In the "Wafthrudnis-mal," Woden, disguised as a mortal under the name of Ganger, visits the giant Wafthrudni (Web-strong) to find out what he knows of sacred lore. The disputants agreed that the one who failed to answer any question put to him by the other should forfeit his life. After a time, the pretended Ganger asks the giant, "What did Woden whisper into Balder's ear ere he was borne on the pyre?" when Wafthrudni has to confess himself vanquished.[2] One is reminded of the song-duel between the defeated Joukahainen and the storm-begotten Wäinämöinen in the third rune of the Kalevala.

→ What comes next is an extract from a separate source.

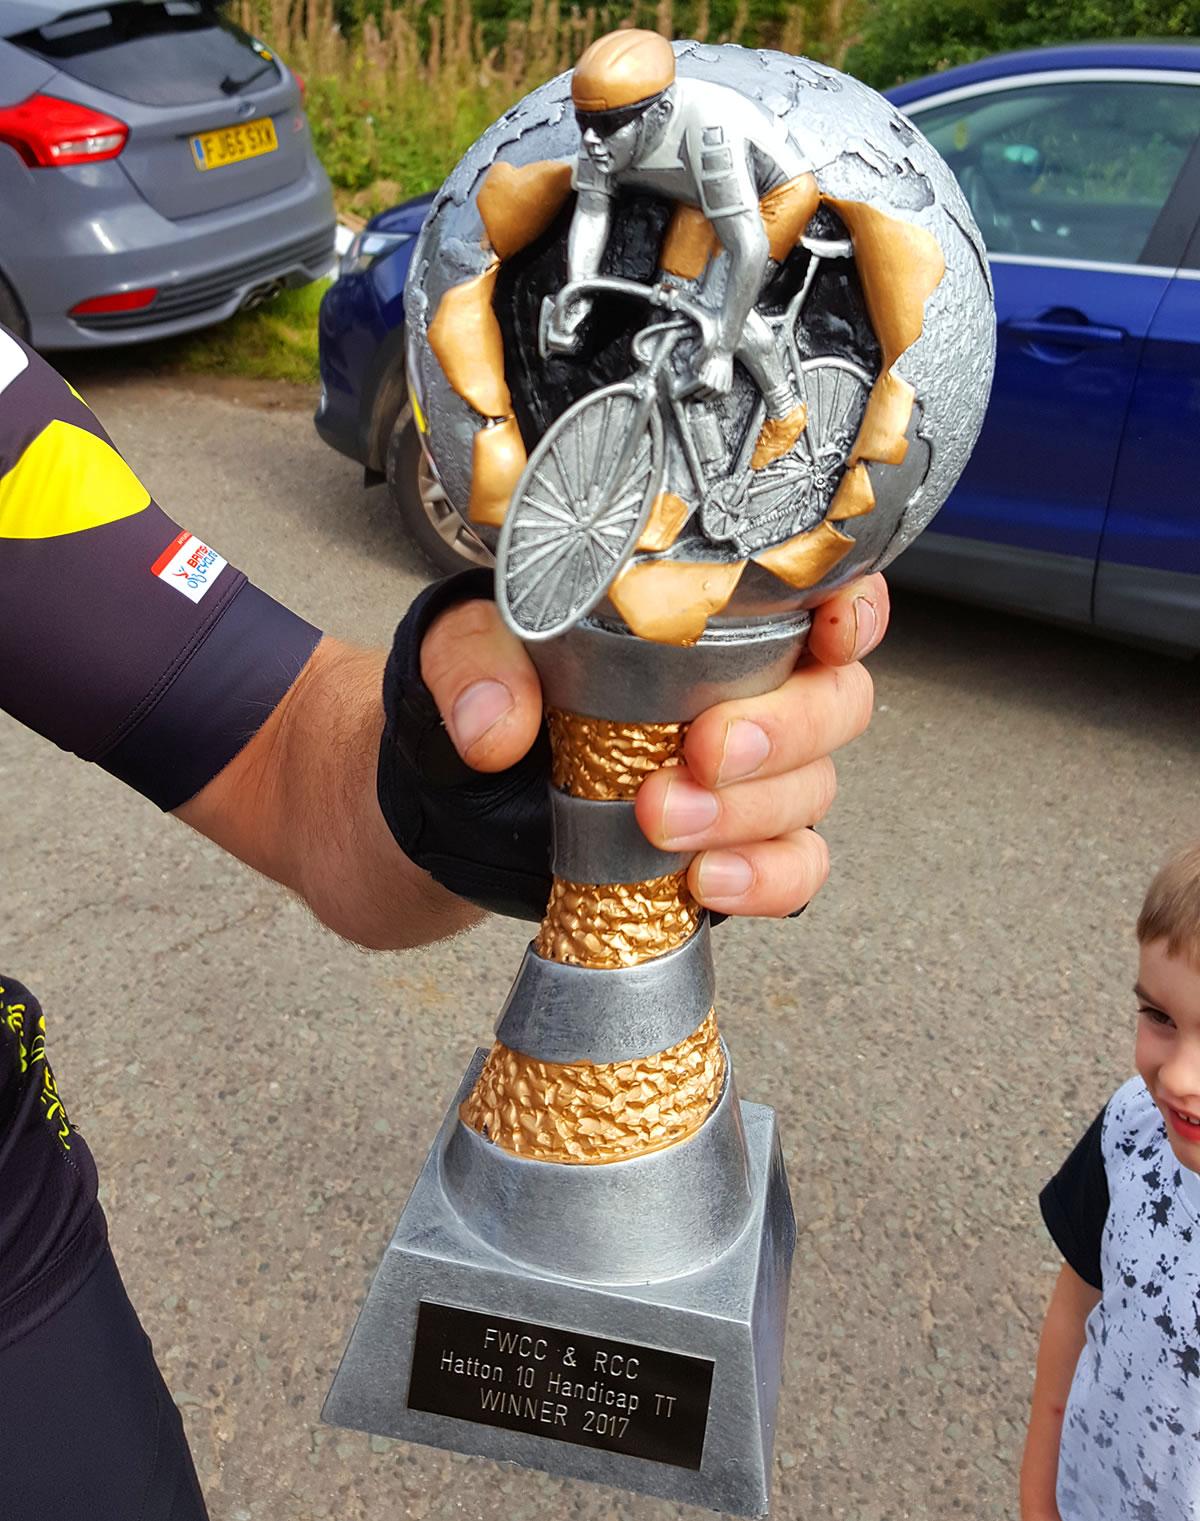 hatton 10 time trial winners trophy 2017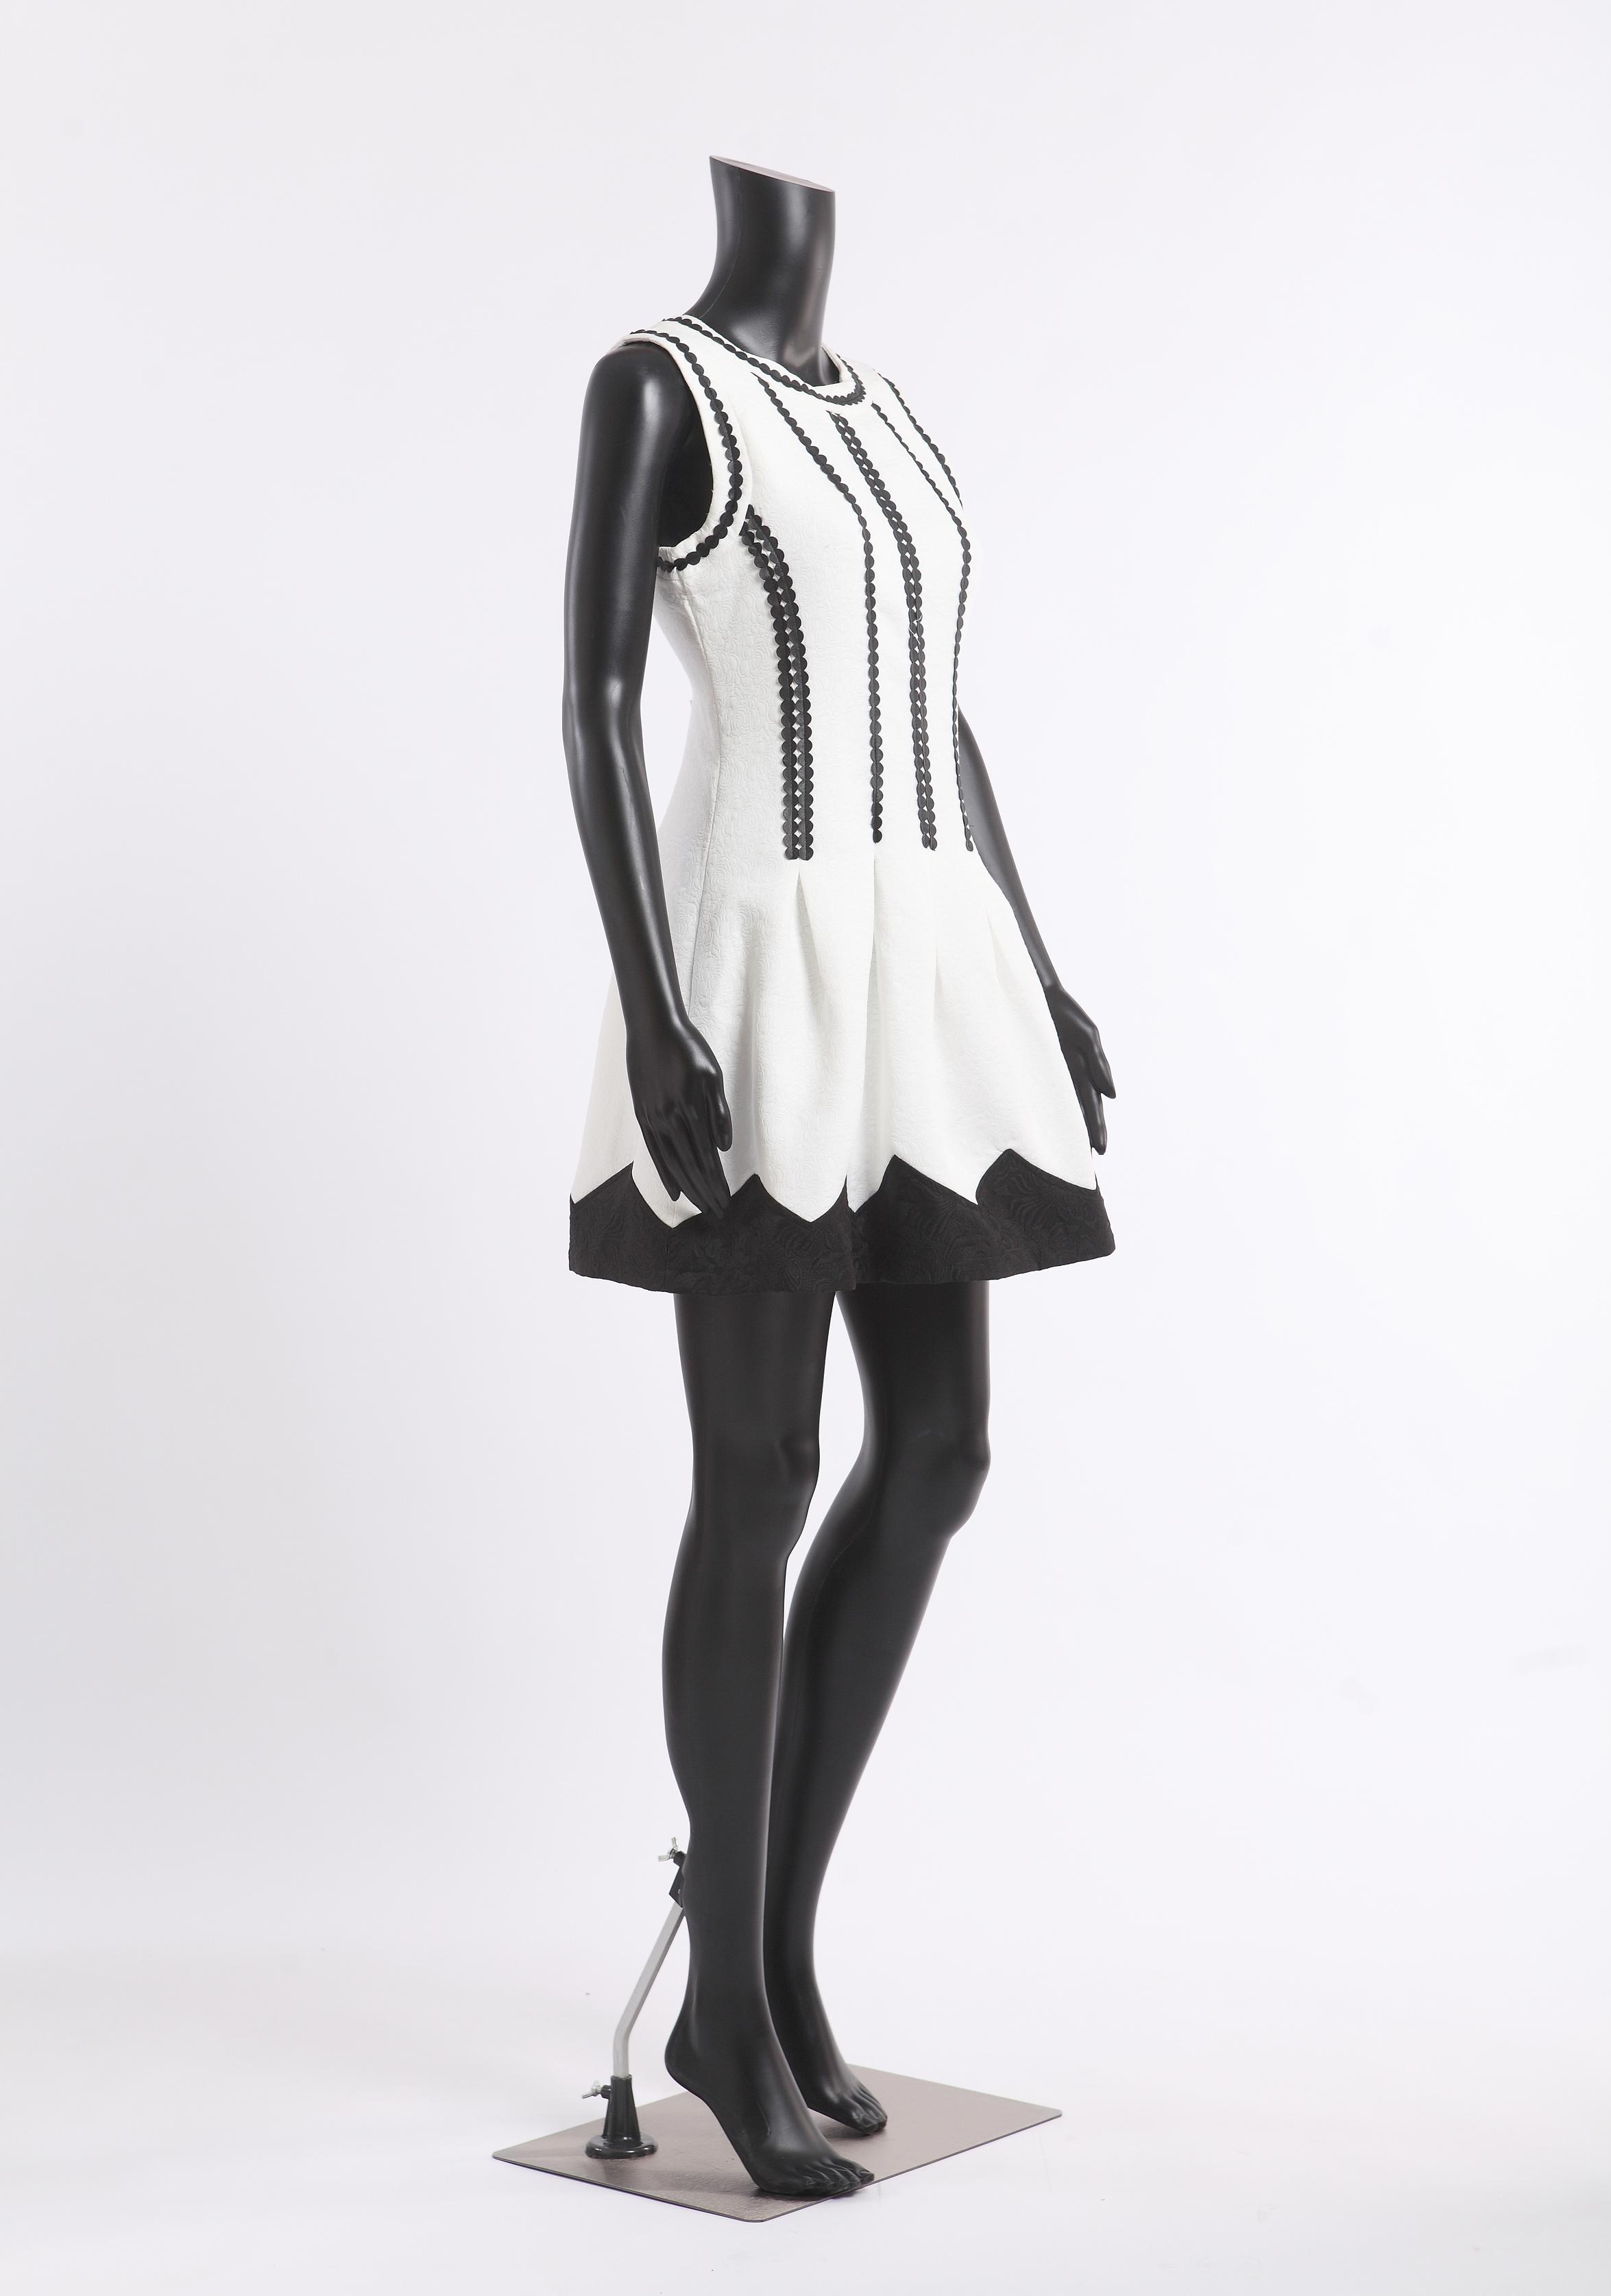 fb7black abstrakt weiblich schaufensterpuppe schwarz matt ohne kopf mannequin ebay. Black Bedroom Furniture Sets. Home Design Ideas

We may leave such references, for whatever they may be worth, as clues to the origin of Rumpelstiltskin; and, reluctantly avoiding digressions on topics suggested by subordinate incidents of the story, as, e.g., the origin of spinning, often ascribed to denizens of the forest and the under- world, deal with its philosophy as indicated by the central idea of all its variants, the nucleus round which the incidents have gathered. This, put into fewest words, is the notion that the name of any being, whether human or superhuman, is an integral part of that being; and that, to know it, puts its owner, whether he be deity, ghost, or man, in the power of another, often involving destruction to the named. It is a part of that general confusion between names and things which is a universal feature of barbaric modes of thought, an ever-present note of uncultured intelligence; a confusion which attributes the qualities of living things to things not living, and which lies at the root of all fetishism, and idolatry; of all witchcraft, shamanism, and other instruments, which were as keys to the invisible kingdom of the feared and dreaded. Such enlarged reference would, however, occupy a volume,[3] and it must suffice for our present purpose to deal, and even that very

  1. C. P. B i. 81; Thorpe's Northern Mythol. i. 8, note. Ib. i. 96, note.
  2. C. P. B. i. 69, and cf . "King Heidrek's Riddles," p. 92.
  3. An admirable summary is given by Dr. Tylor in the chapter on "Images and Names," in his Early History of Mankind.